GIVEN MATERIAL -
★ ★ ★ ★
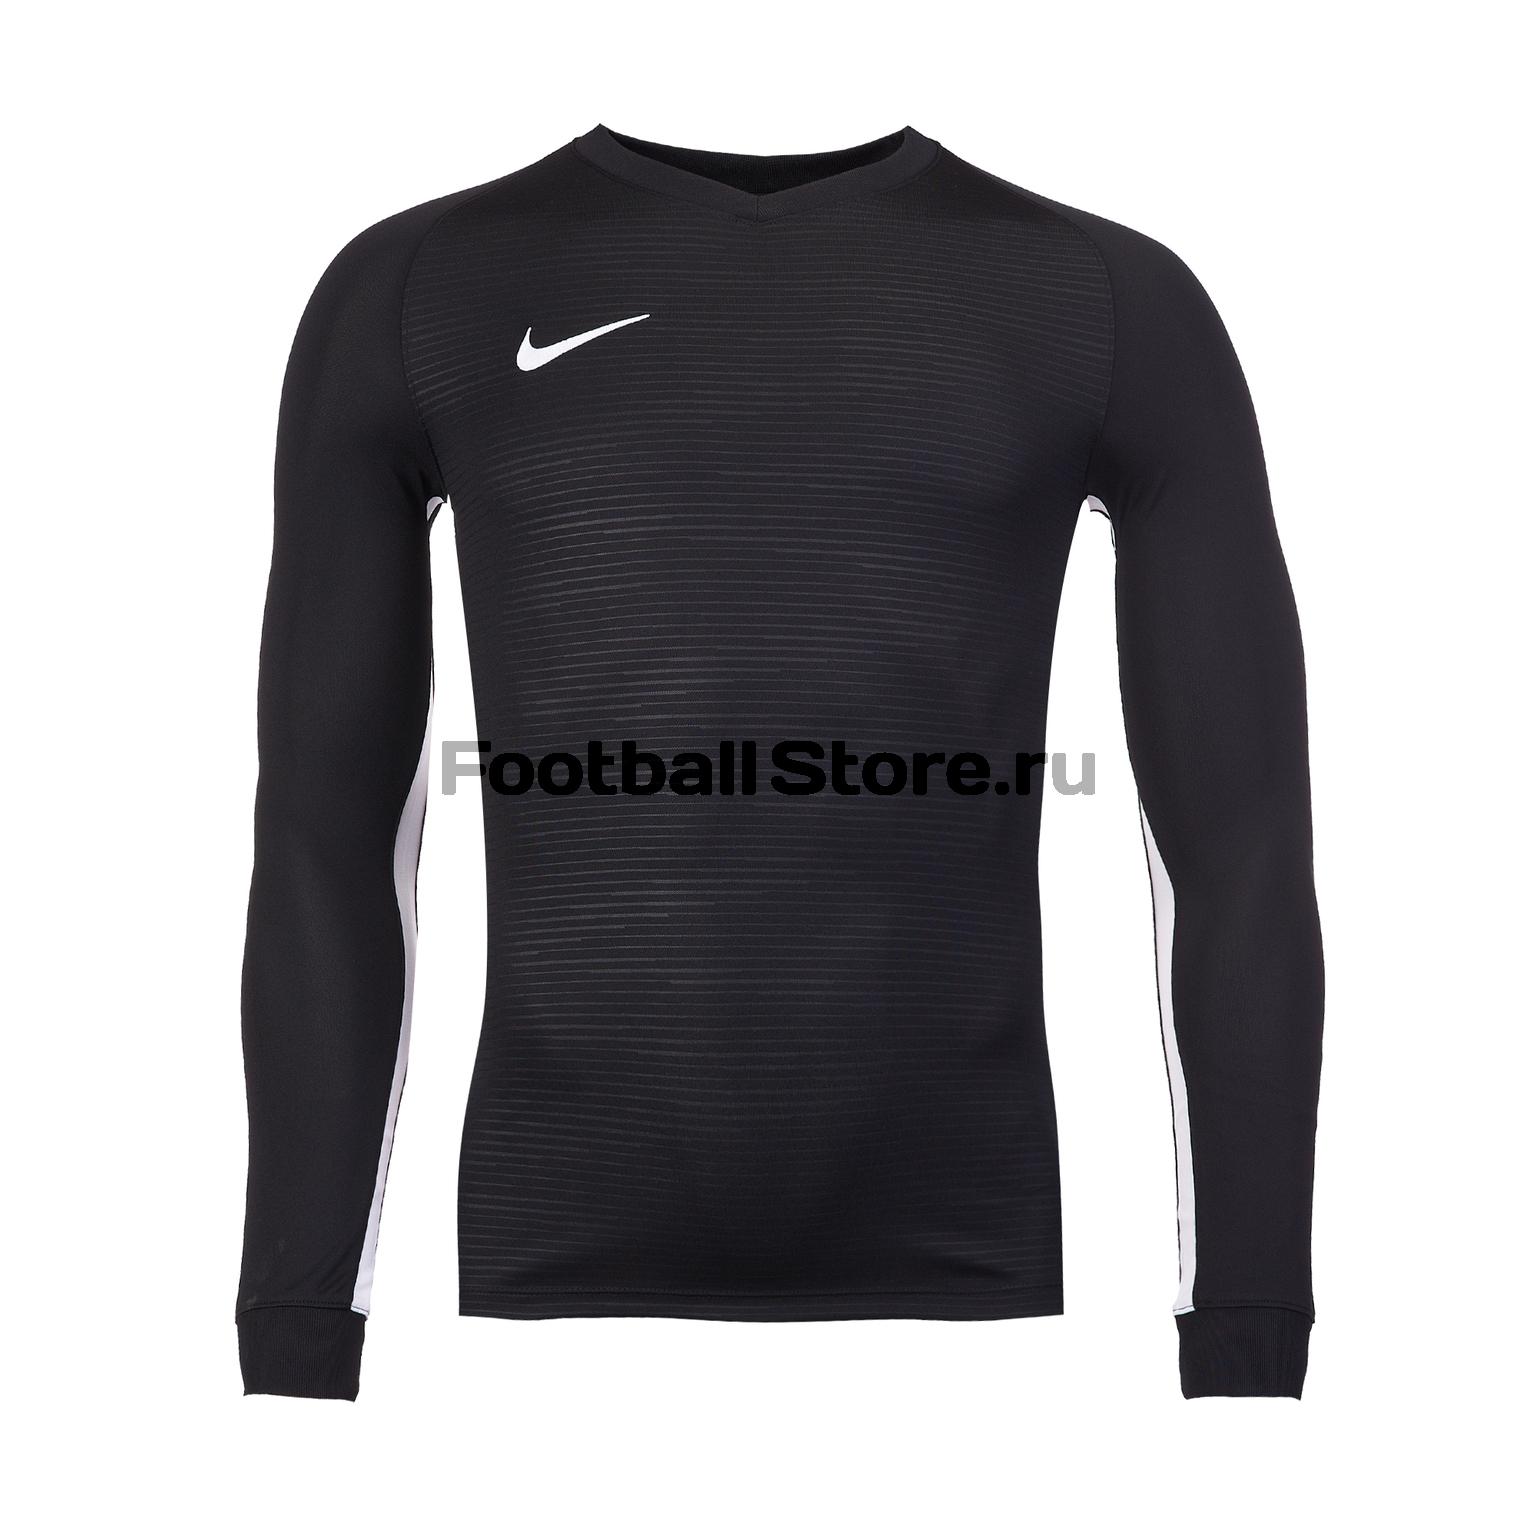 Футболка игровая Nike Dry Tiempo Prem JSY LS 894248-010 футболка игровая nike dry tiempo prem jsy ss 894230 010
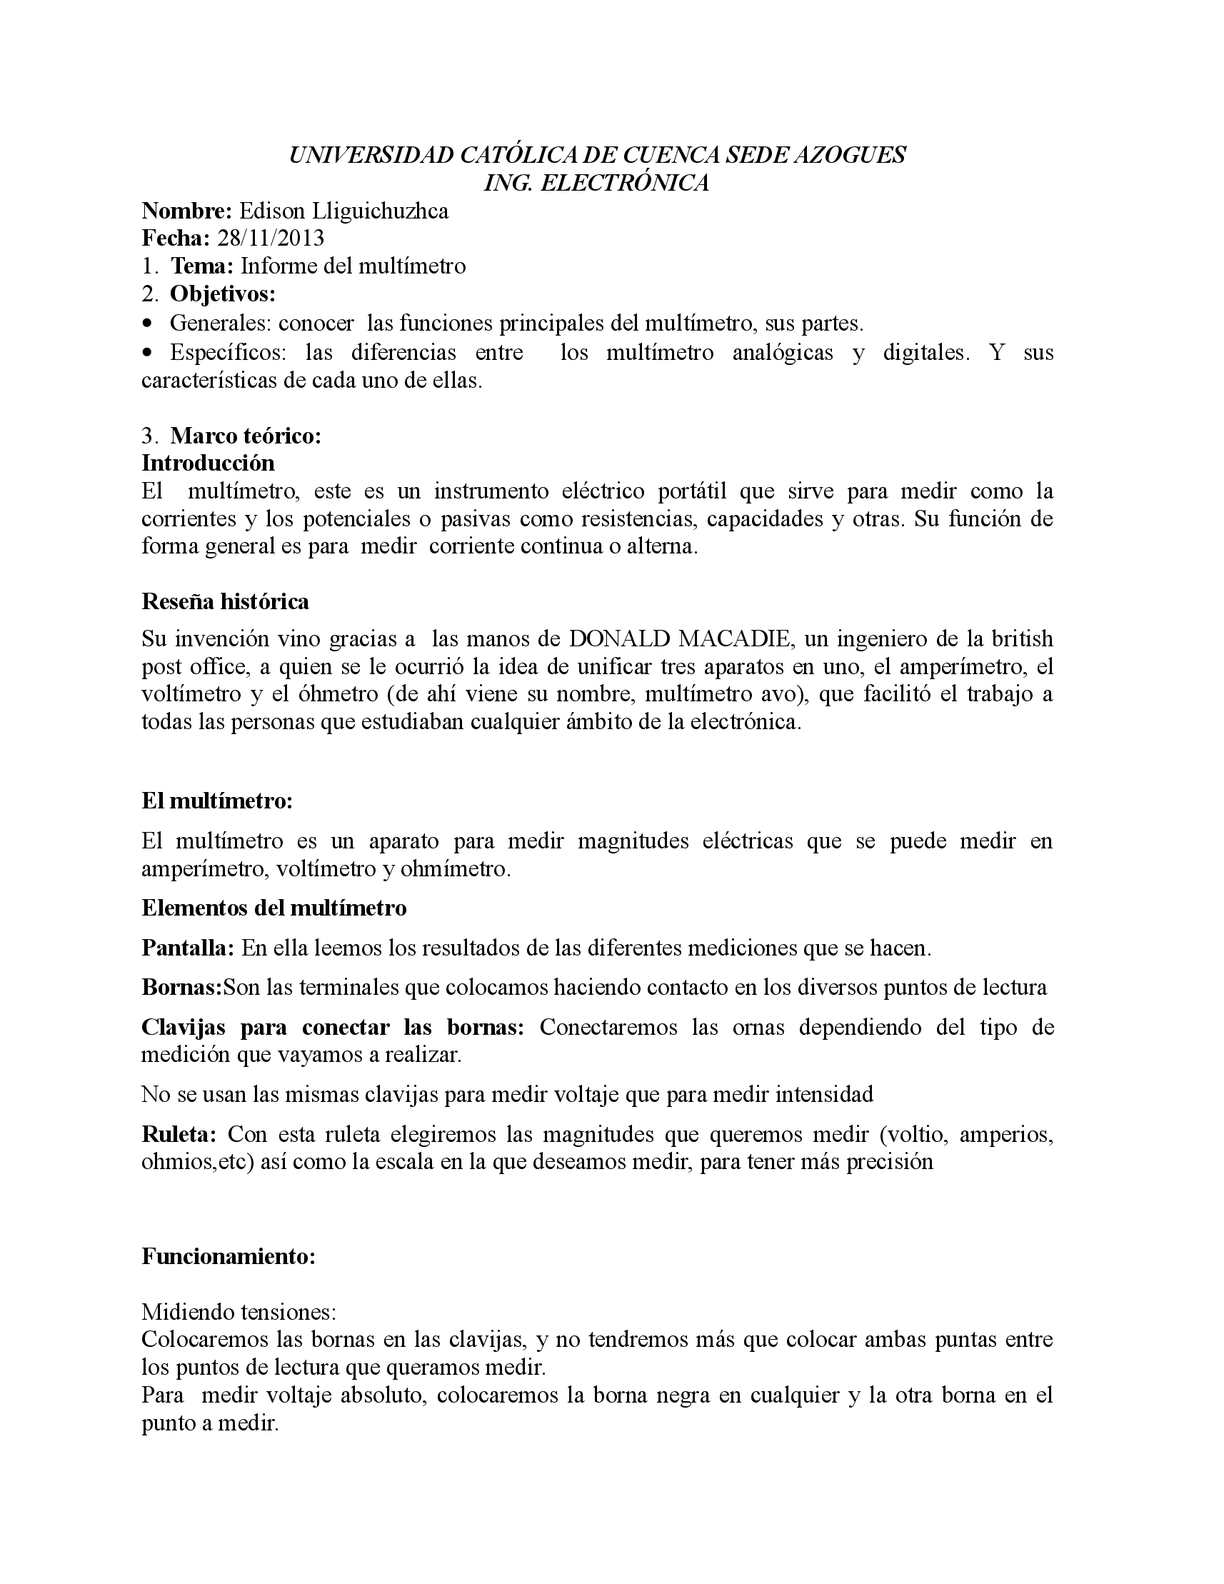 Calaméo - Informe del Multimetro
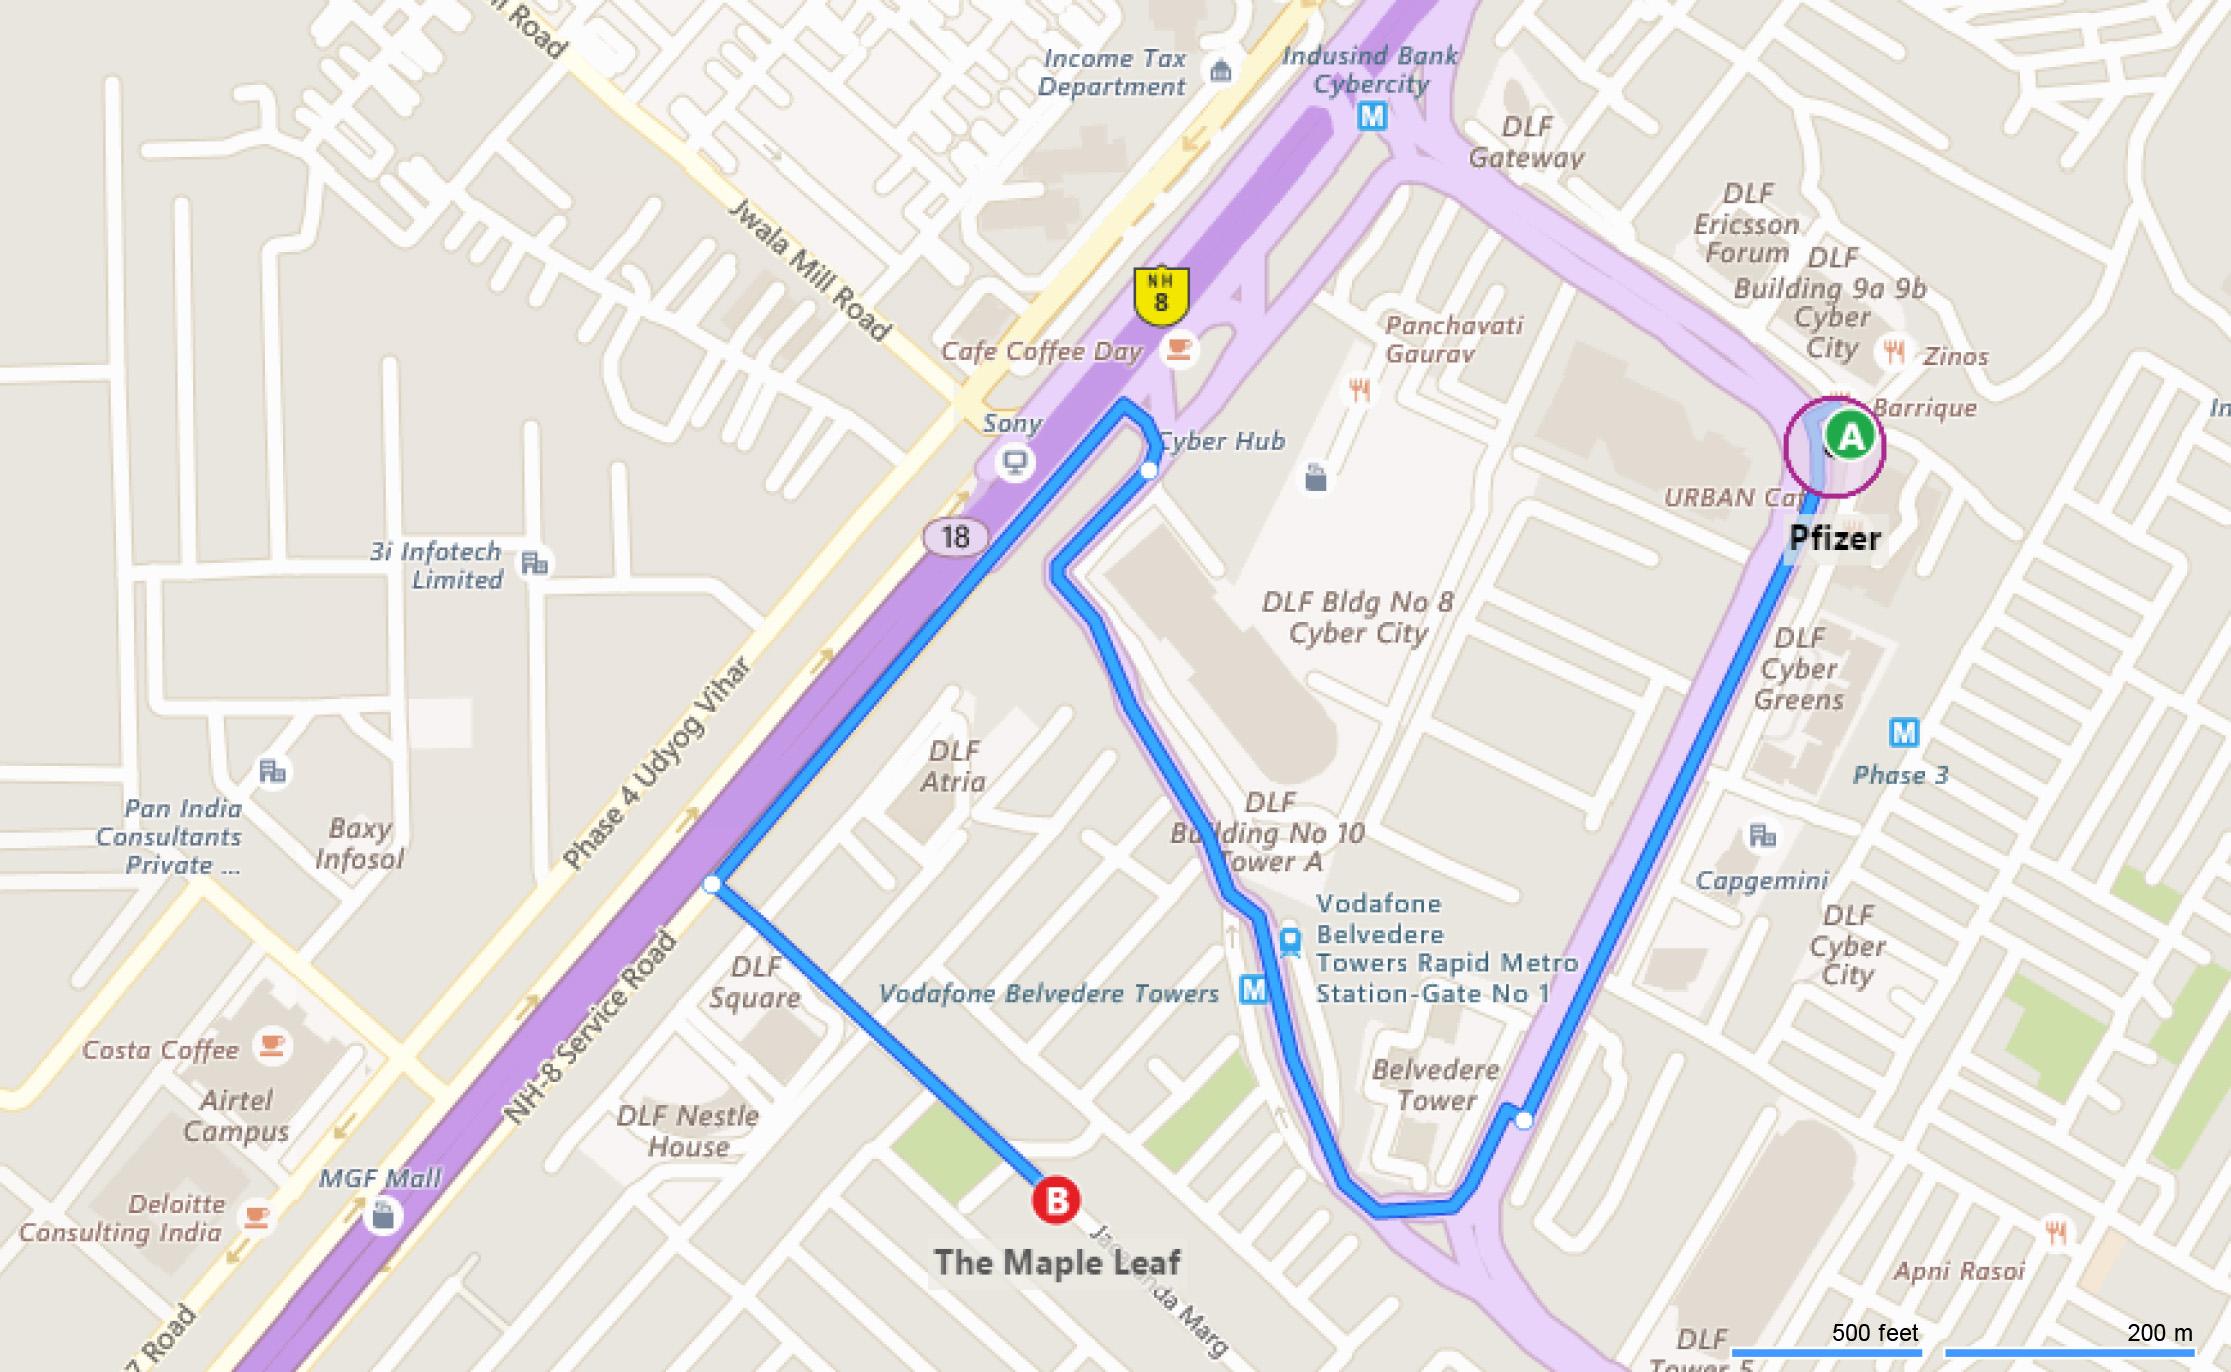 Budget Hotel Near Pfizer Office Gurgaon | Budget Hotels in
★ ★ ★ ★
TASK ITEM - Reproduce nothing but the lines from the line containing "Calaméo - Informe del Multimetro" through the last line of the data above, exactly as written and without pictures.

YOUR SOLUTION -
 Calaméo - Informe del Multimetro
 Budget Hotel Near Pfizer Office Gurgaon | Budget Hotels in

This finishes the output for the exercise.